▶ WHAT YOU WILL DO: With pictures left out, write out exactly every line from the start of the data through the one that contains "Admiring the hair".

━━━ MATERIAL PROVIDED ━━━

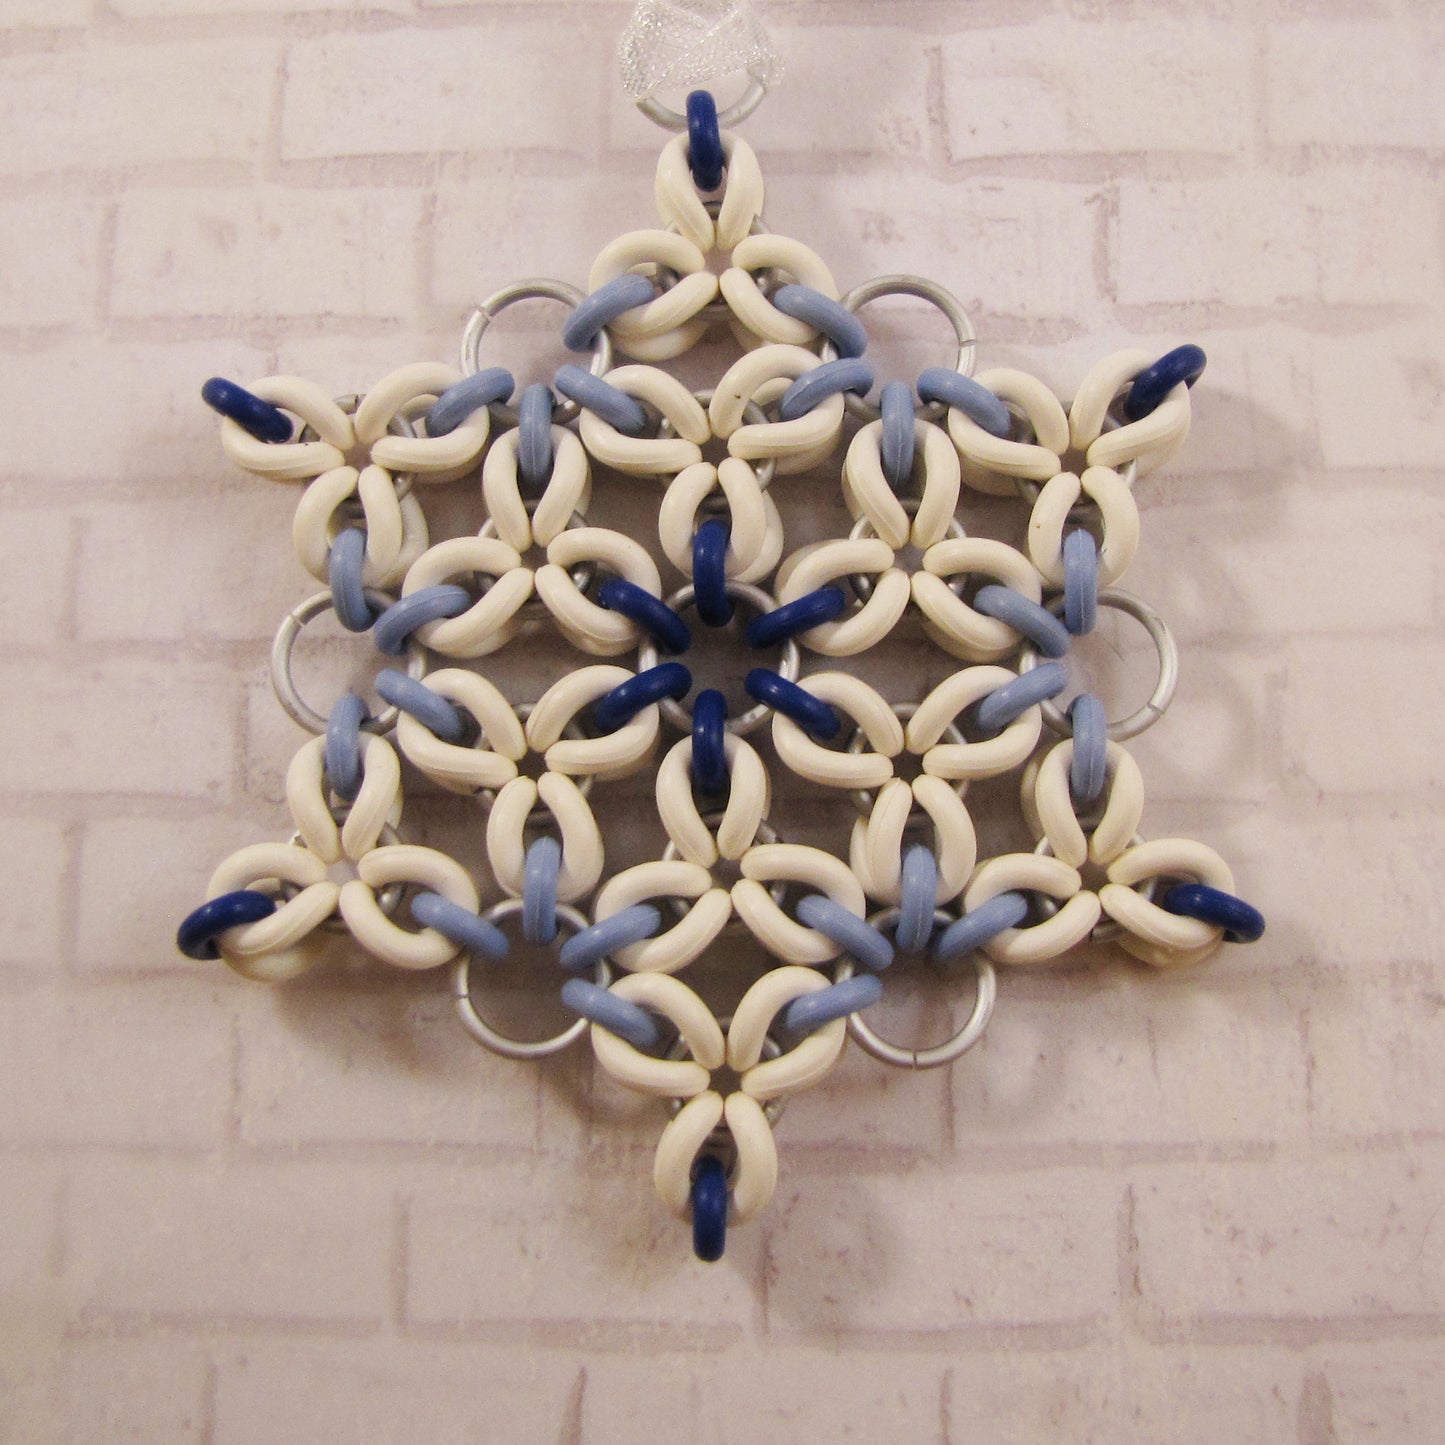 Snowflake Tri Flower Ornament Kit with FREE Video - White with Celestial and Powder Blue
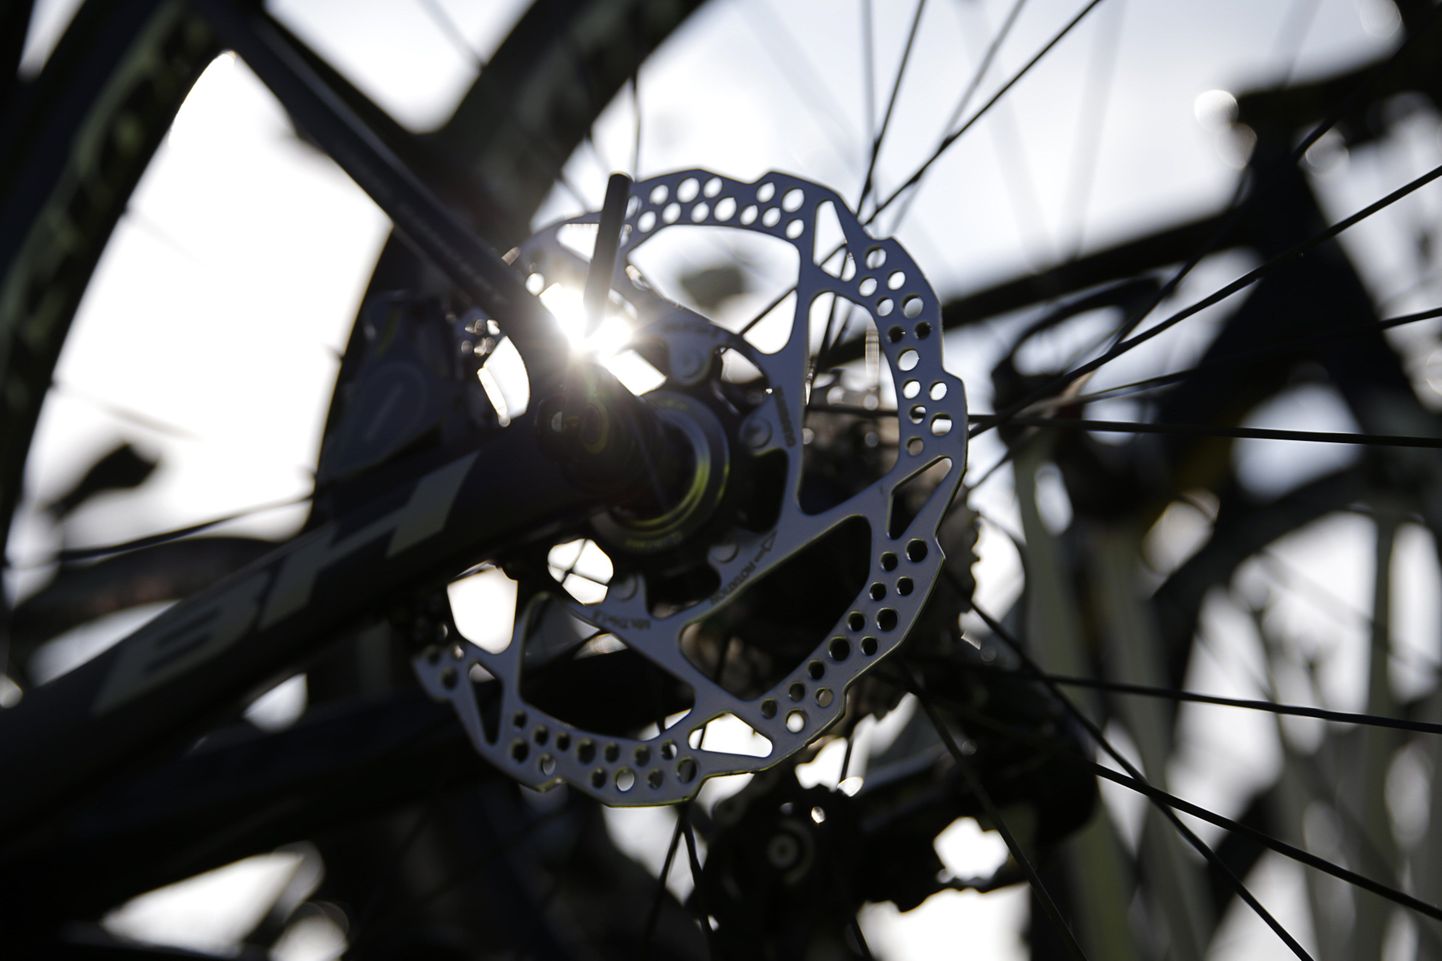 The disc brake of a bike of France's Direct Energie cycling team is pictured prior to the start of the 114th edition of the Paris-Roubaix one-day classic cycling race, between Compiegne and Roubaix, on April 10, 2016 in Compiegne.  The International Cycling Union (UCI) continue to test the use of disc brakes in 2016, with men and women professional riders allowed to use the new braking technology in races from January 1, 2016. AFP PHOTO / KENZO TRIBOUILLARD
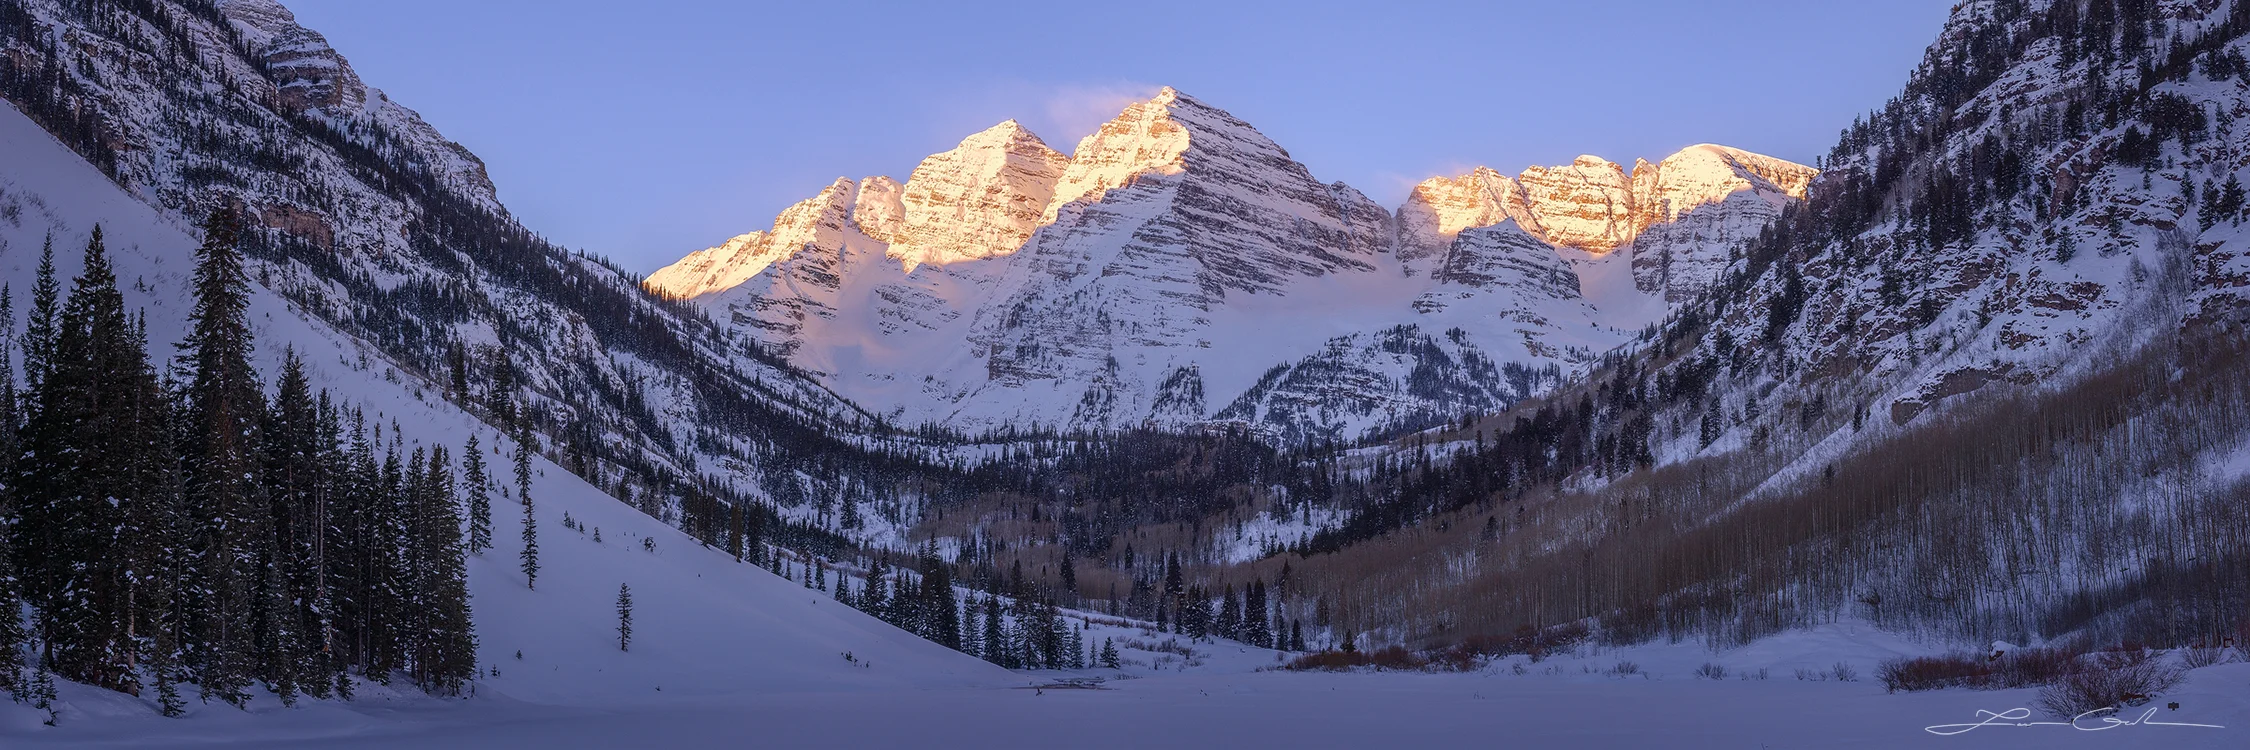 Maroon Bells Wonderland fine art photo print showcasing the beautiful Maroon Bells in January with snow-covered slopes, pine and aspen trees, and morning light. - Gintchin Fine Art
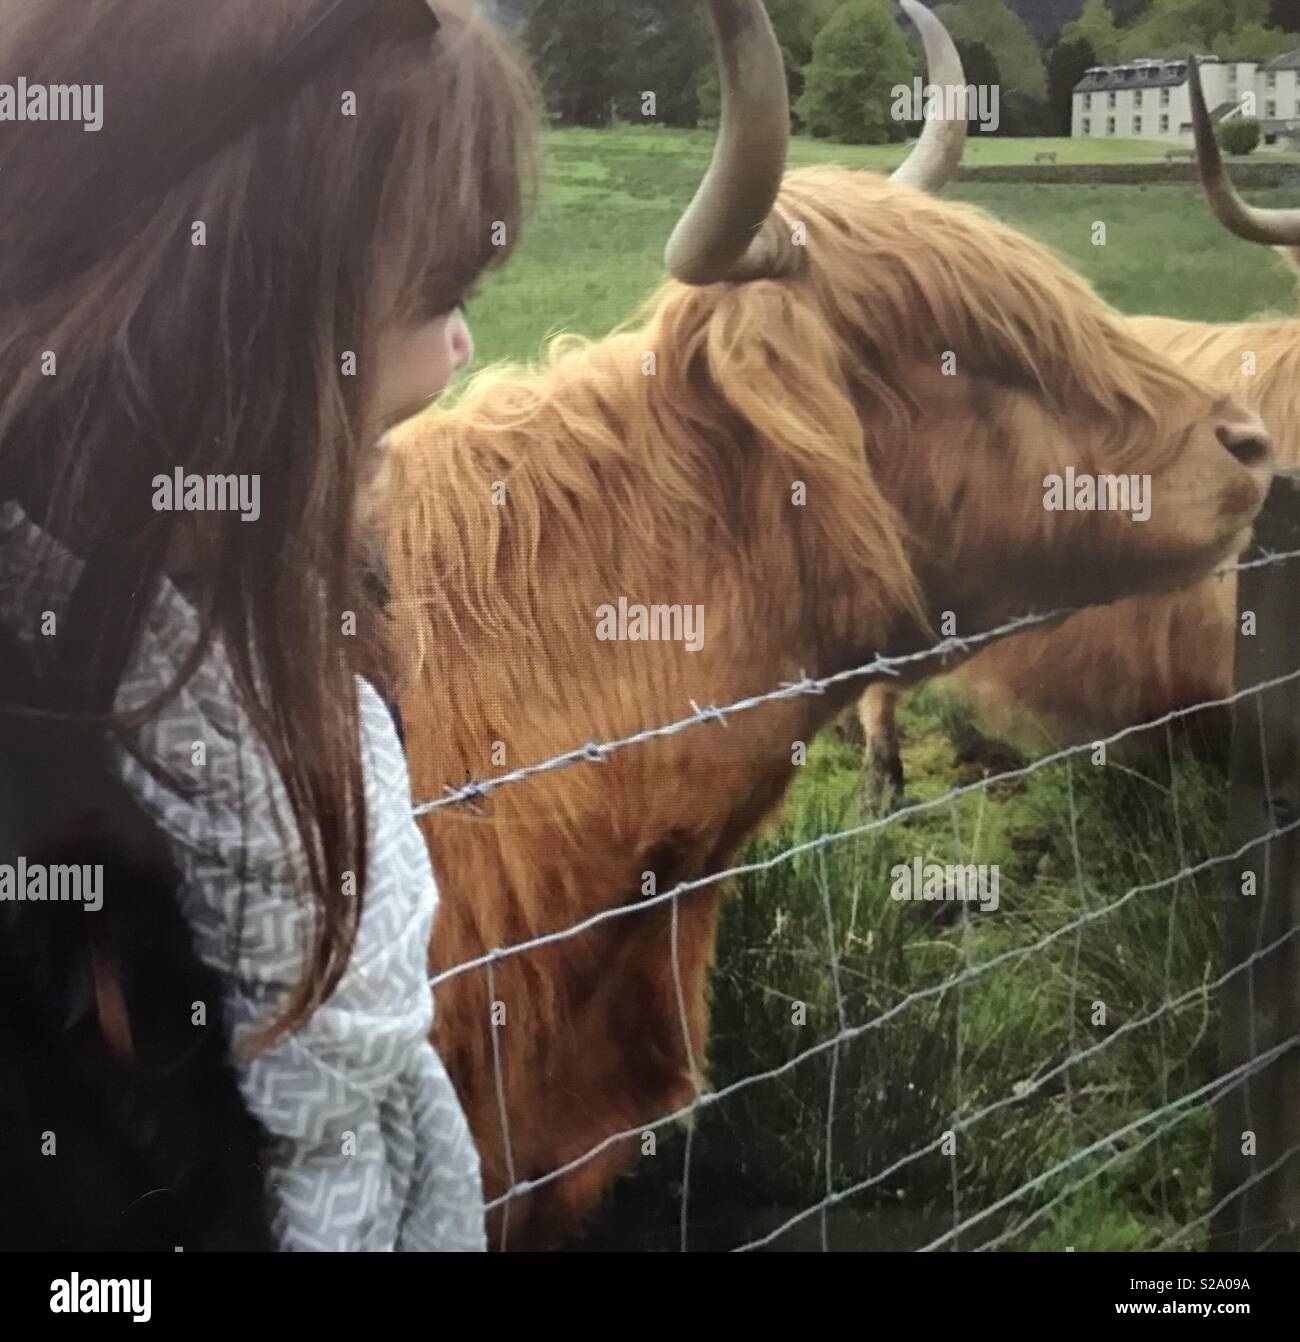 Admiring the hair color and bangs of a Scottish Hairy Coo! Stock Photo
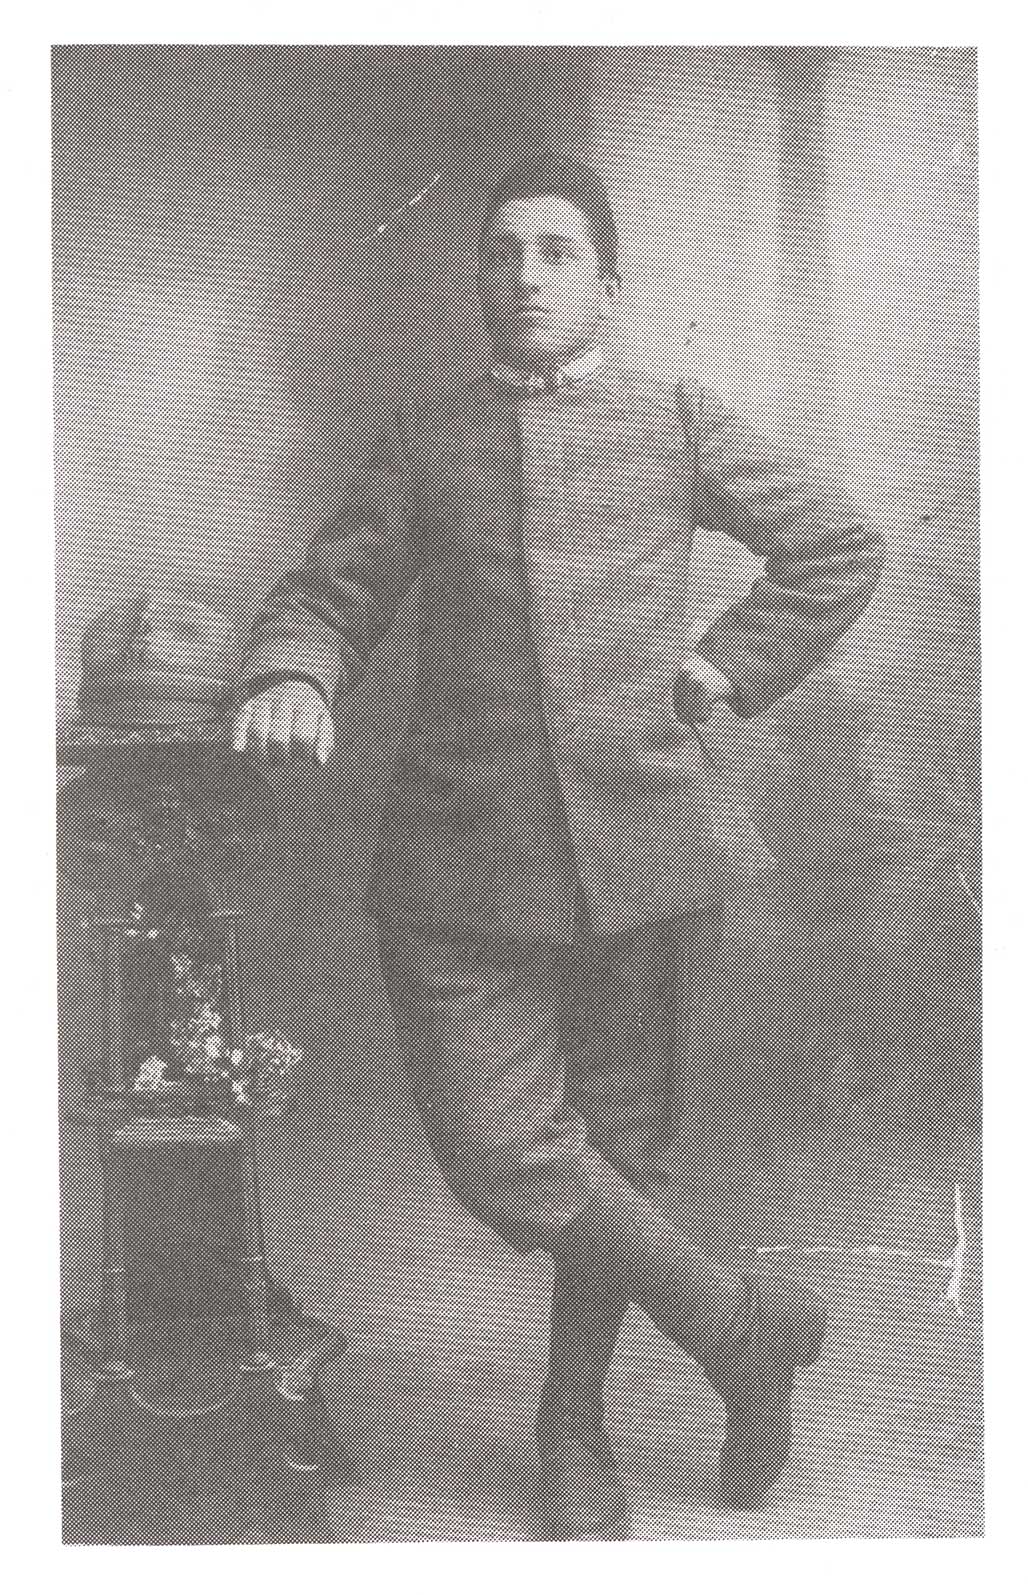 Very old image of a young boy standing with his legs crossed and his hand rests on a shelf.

━━━

▶ RESPONSE:
 Snowflake Tri Flower Ornament Kit with FREE Video - White with Celestial and Powder Blue
 The disc brake of a bike of France's Direct Energie cycling team is pictured prior to the start of the 114th edition of the Paris-Roubaix one-day classic cycling race, between Compiegne and Roubaix, on April 10, 2016 in Compiegne.  The International Cycling Union (UCI) continue to test the use of disc brakes in 2016, with men and women professional riders allowed to use the new braking technology in races from January 1, 2016. AFP PHOTO / KENZO TRIBOUILLARD
 Maroon Bells Wonderland fine art photo print showcasing the beautiful Maroon Bells in January with snow-covered slopes, pine and aspen trees, and morning light. - Gintchin Fine Art
 Admiring the hair color and bangs of a Scottish Hairy Coo! Stock Photo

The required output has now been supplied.